Without tools like LoRA, fine-tuning the model this large requires immense resources, as it is basically the same as just training it from scratch. Therefore I will just outline the fine-tuning process here without actually running it to see the results.
Preparing the dataset
To download and use an openly available dataset, we will be using Hugging Face’s datasets
library. We install it with the following command:
pip install datasets
Once installed, we import and use the load_dataset
function, for this example I will be using the wikitext
dataset:
from datasets import load_dataset
dataset = load_dataset('wikitext', 'wikitext-2-raw-v1')

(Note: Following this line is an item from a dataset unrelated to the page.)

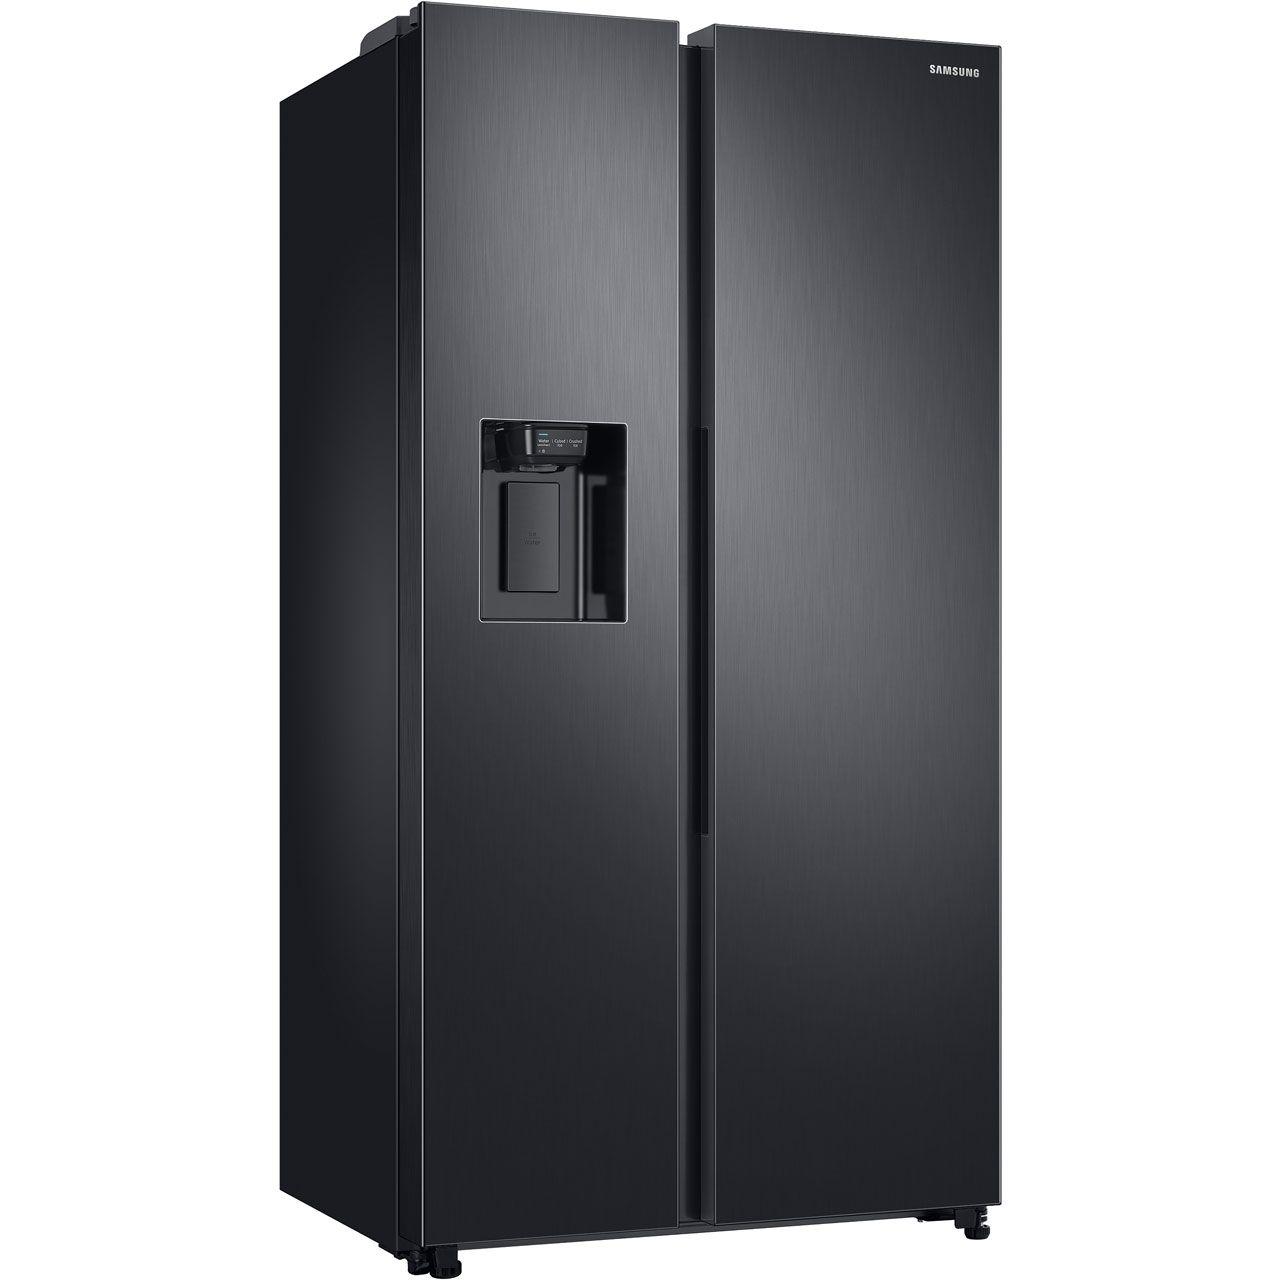 Samsung RS8000 RS68N8240B1 American Fridge Freezer

Now, we need to tokenize the dataset:
def tokenize_function(examples):
return tokenizer(examples['text'], padding='max_length', truncation=True, max_length=512)
tokenized_datasets = dataset.map(tokenize_function, batched=True)
Now, we are ready to start fine-tuning!
Fine-tuning
For fine-tuning, we need to import and initialize TrainingArguments
and Trainer
objects and then run the train()
function.
from transformers import TrainingArguments, Trainer
training_args = TrainingArguments(
report_to = "none",
output_dir="./results",
evaluation_strategy="epoch",
learning_rate=2e-5, # Controls how much to change the model weights during training
per_device_train_batch_size=2, # Number of samples per batch per device during training
per_device_eval_batch_size=2, # Number of samples per batch per device during evaluation
num_train_epochs=3, # Number of times the entire training dataset will be passed through the model
weight_decay=0.01, # Regularization technique to prevent overfitting
)
trainer = Trainer(
model=model,
args=training_args,
train_dataset=tokenized_datasets['train'],
eval_dataset=tokenized_datasets['test'],
data_collator=data_collator,
tokenizer=tokenizer,
)
trainer.train()
Conclusion
Overall, Apple's DCLM-7B is a significant addition to the open-source language model landscape, offering researchers and developers a powerful tool for various NLP tasks.
As a decoder-only Transformer model, it is optimized for text generation, providing coherent and contextually relevant outputs. The model's availability under the Apple Academic Software License Agreement further encourages collaboration and innovation in the AI community.